Research & Papers

Saxena et al. prove precise exploration bounds for dynamic graphs with semi-synchronous agents

New results show exactly how many agents needed to explore changing networks under adversarial deactivation.

Deep Dive

The article studies mobile agents exploring 1-interval connected dynamic graphs under a semi-synchronous scheduler. It proves exploration is impossible if an adversary deactivates at least ⌈k/(n-2)⌉ - 1 agents per round, even with unbounded memory, global communication, and full visibility. This yields an upper bound: exploration is solvable only when deactivation is at most ⌈k/(n-2)⌉ - 2. Achieving exploration at that threshold requires agents to have both 1-hop visibility and 1-hop communication.
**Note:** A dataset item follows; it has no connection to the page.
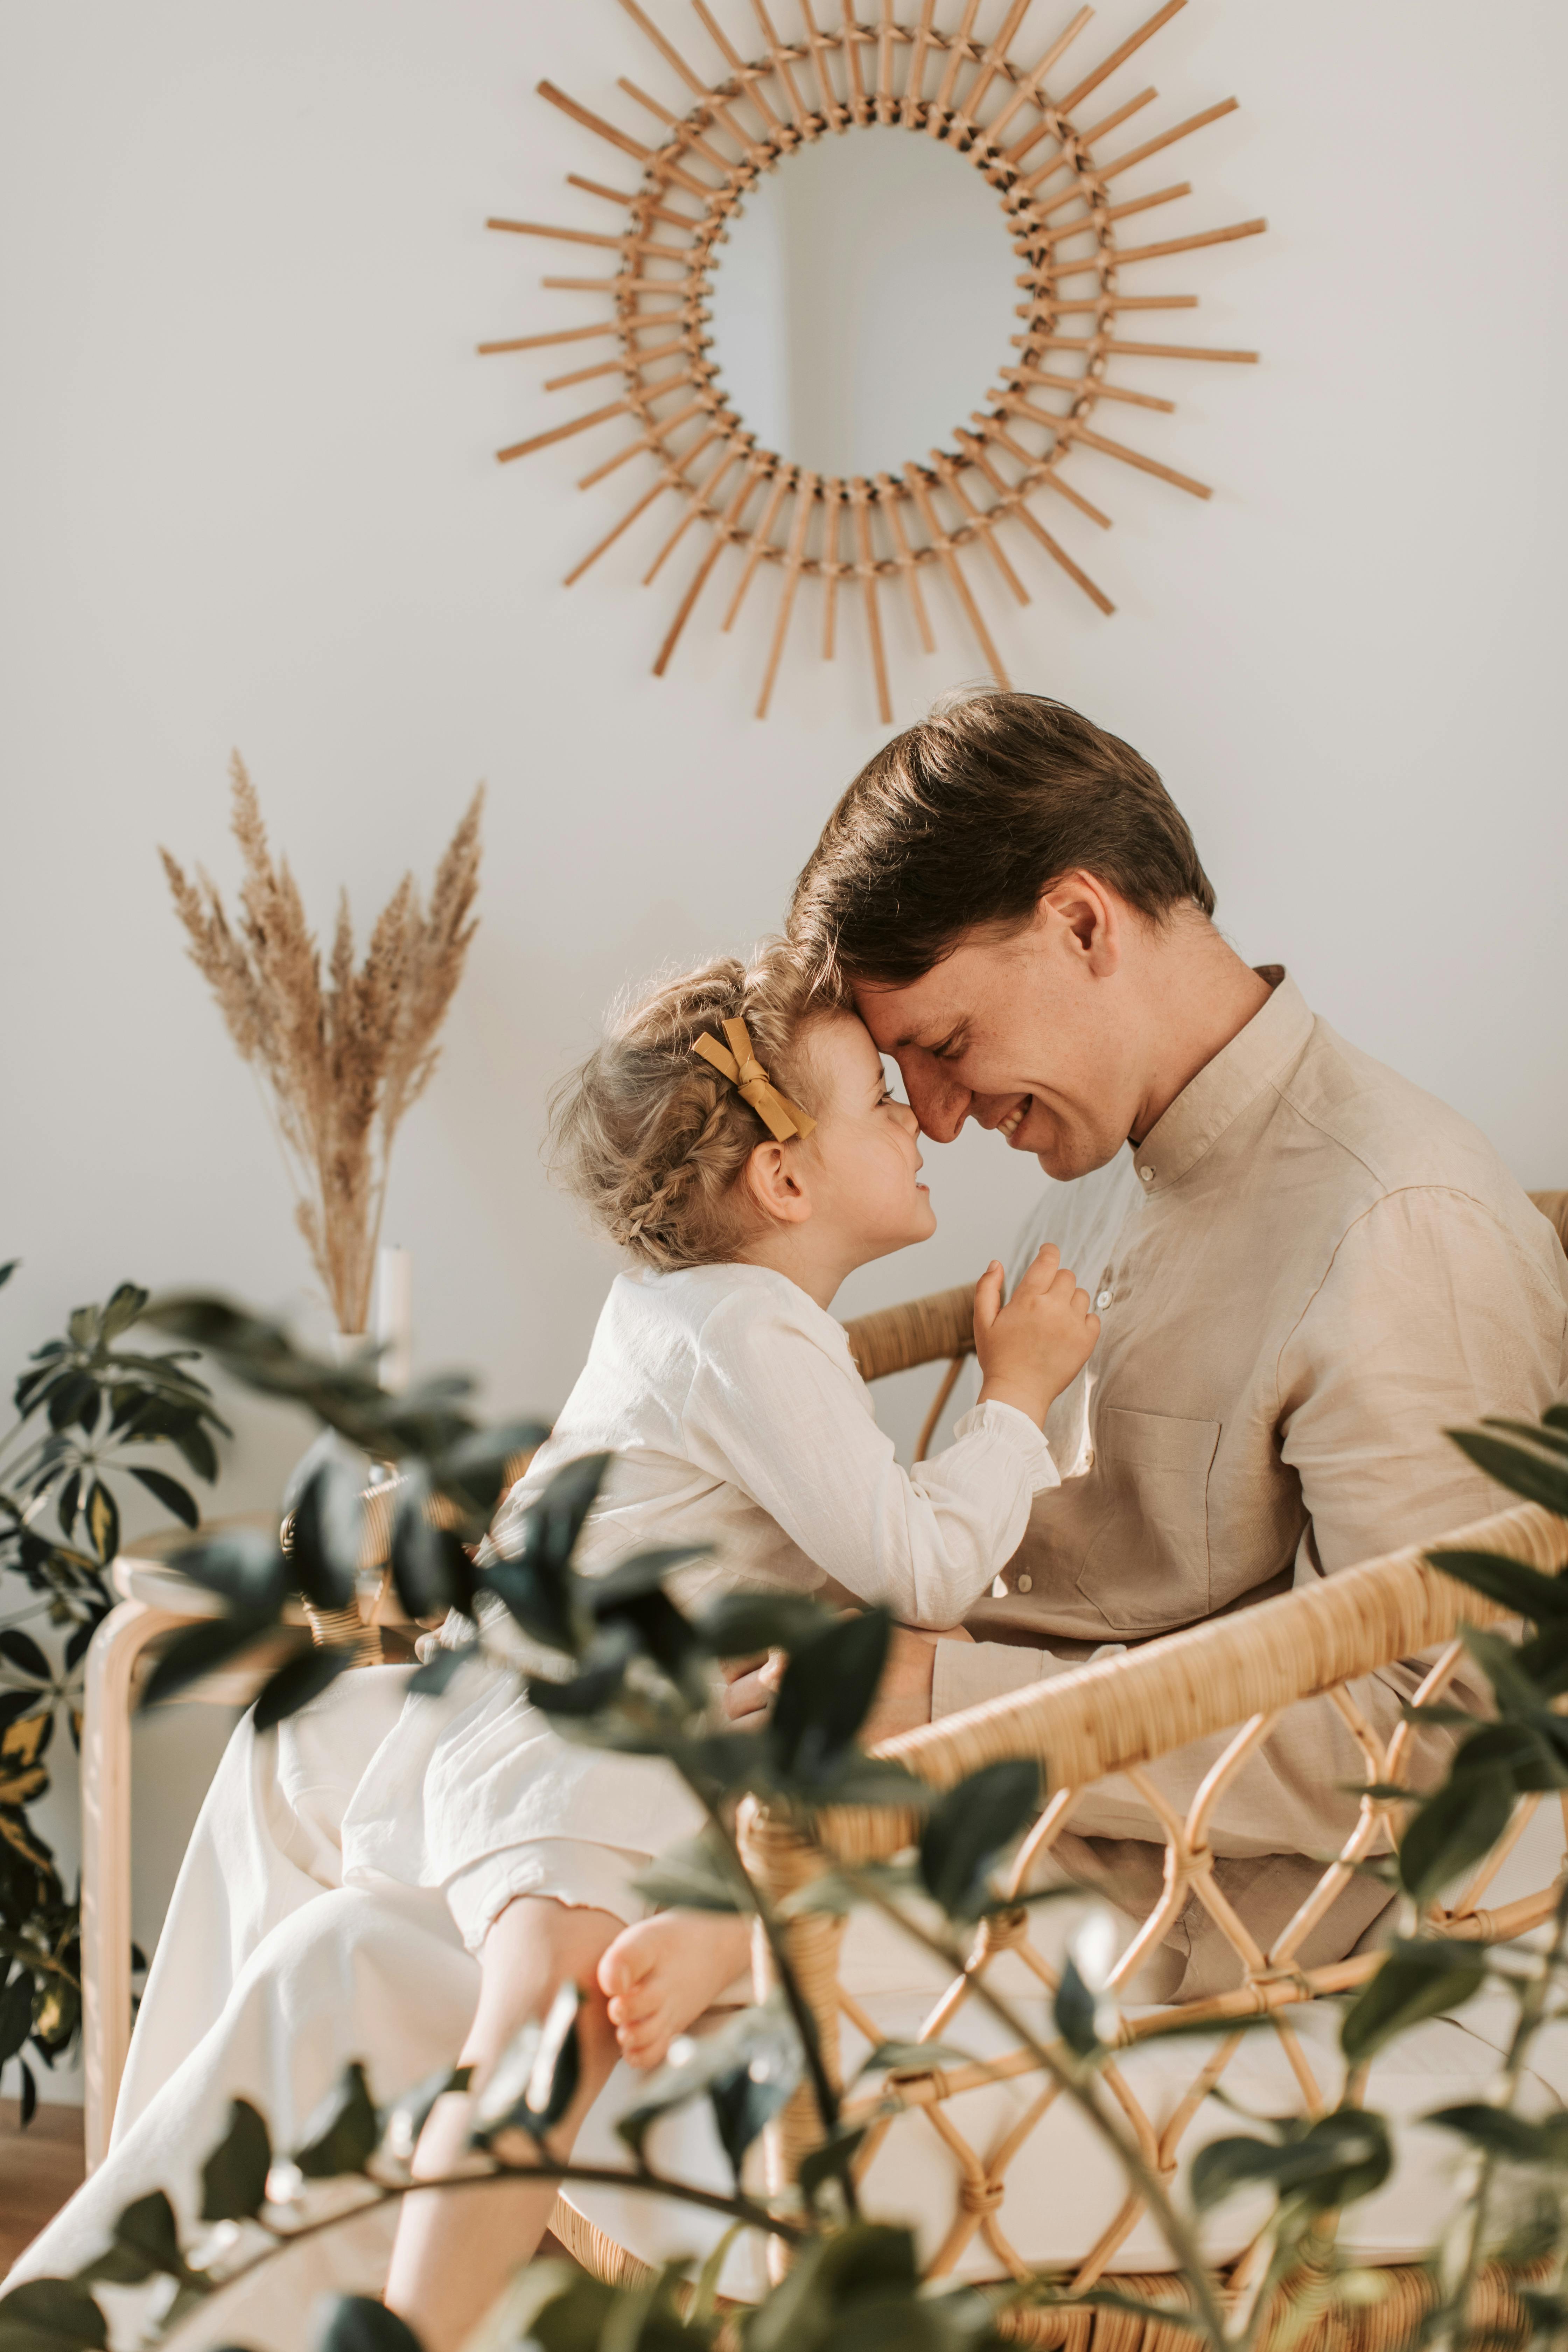 Young man with his small daughter | Source: Pexels
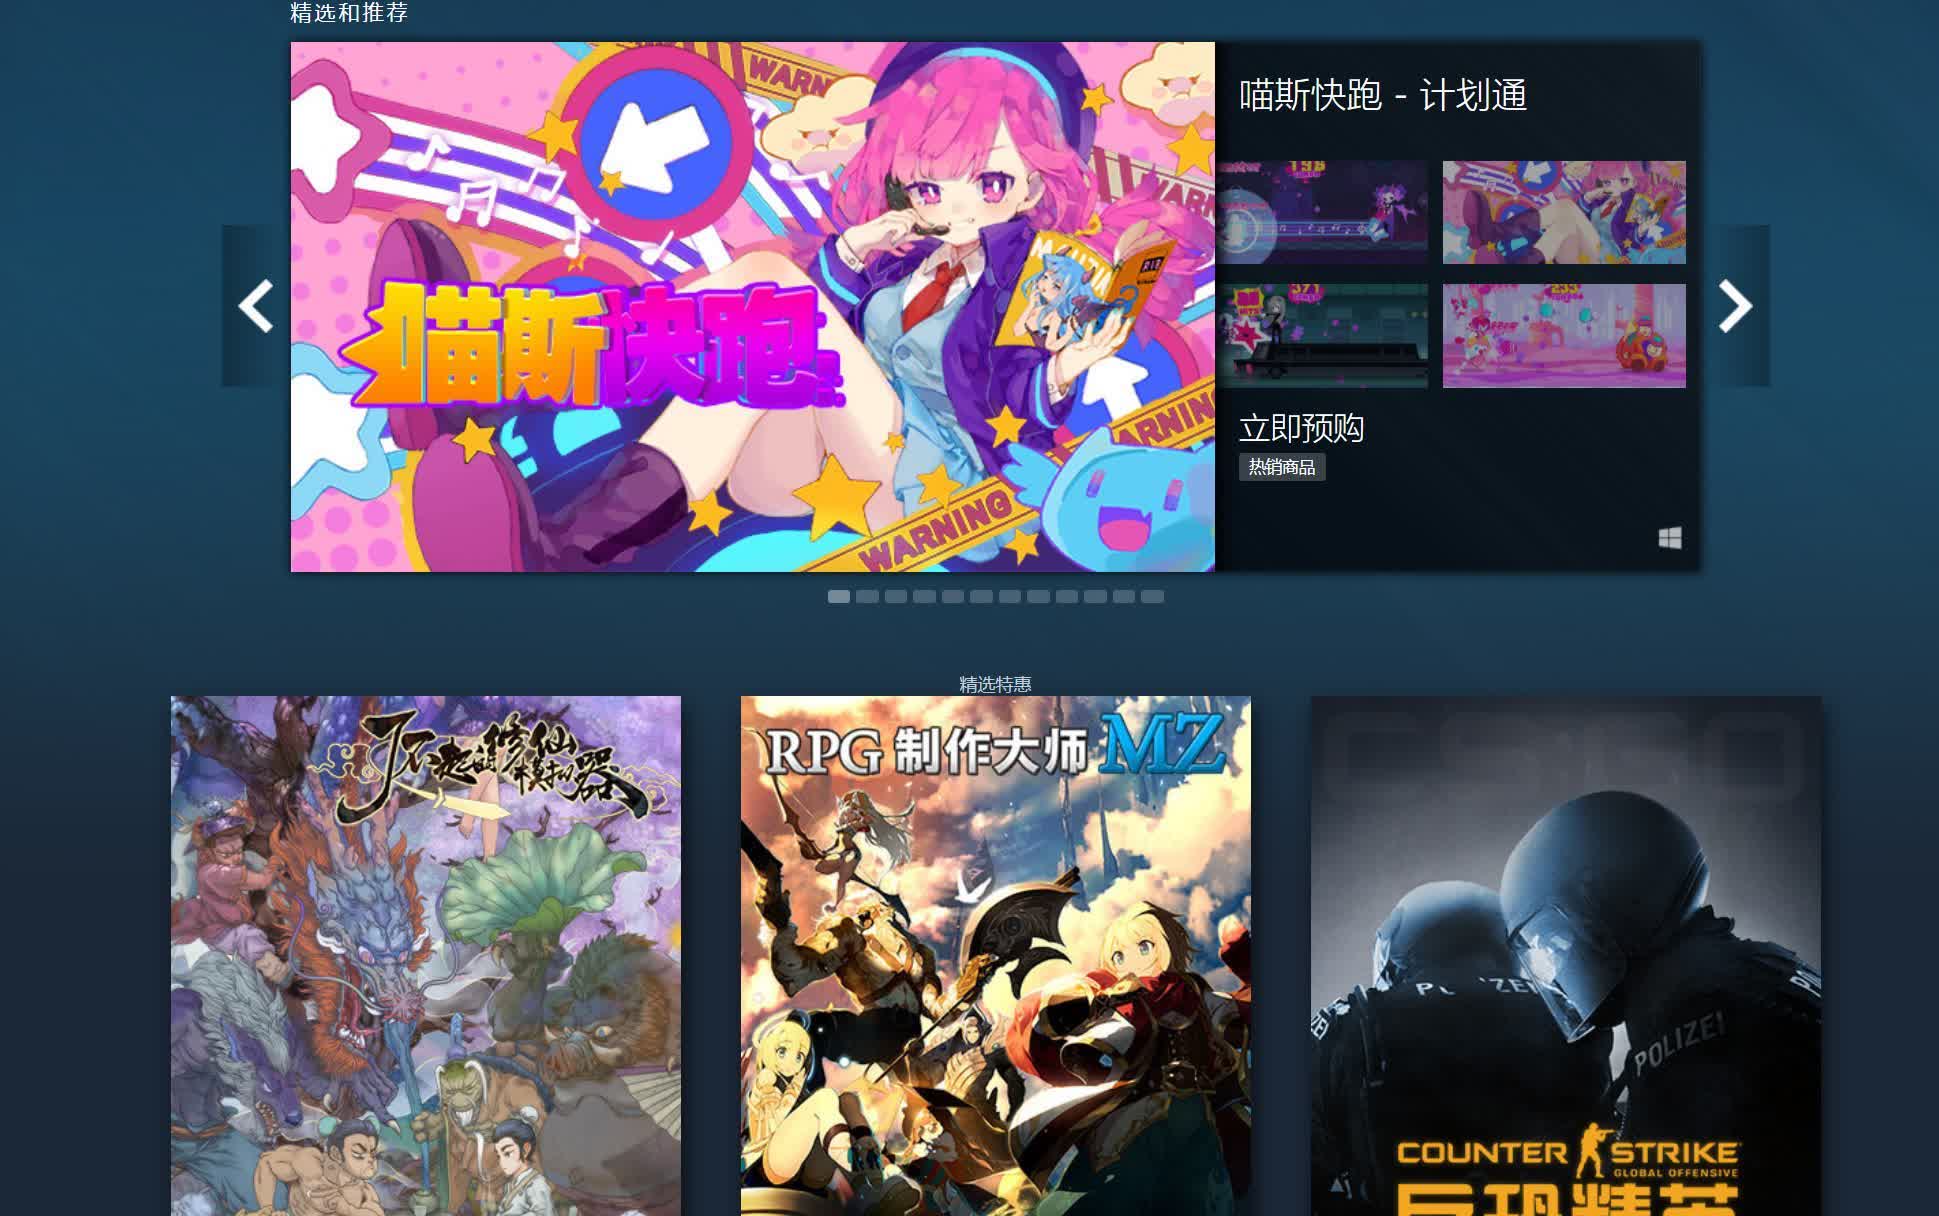 Steam China launches with just 53 games

The article presents an exploration algorithm using k agents when deactivation is at most that bound, assuming 1-hop visibility and global communication, matching the adversarial bound from the impossibility results.

Key Points
  • Exploration is impossible if an adversary deactivates at least ⌈k/(n-2)⌉ - 1 agents per round in 1-interval connected dynamic graphs with n nodes and k agents.
  • The matching algorithm achieves exploration when deactivation is at most ⌈k/(n-2)⌉ - 2 agents per round, requiring only 1-hop visibility and global communication.
  • The work provides tight upper and lower bounds for semi-synchronous exploration, proving necessary conditions for agent capabilities (1-hop visibility and communication) at the threshold.

Why It Matters

Establishes fundamental limits for autonomous agent teams exploring unpredictable networks, directly impacting distributed robotics and resilient communication systems.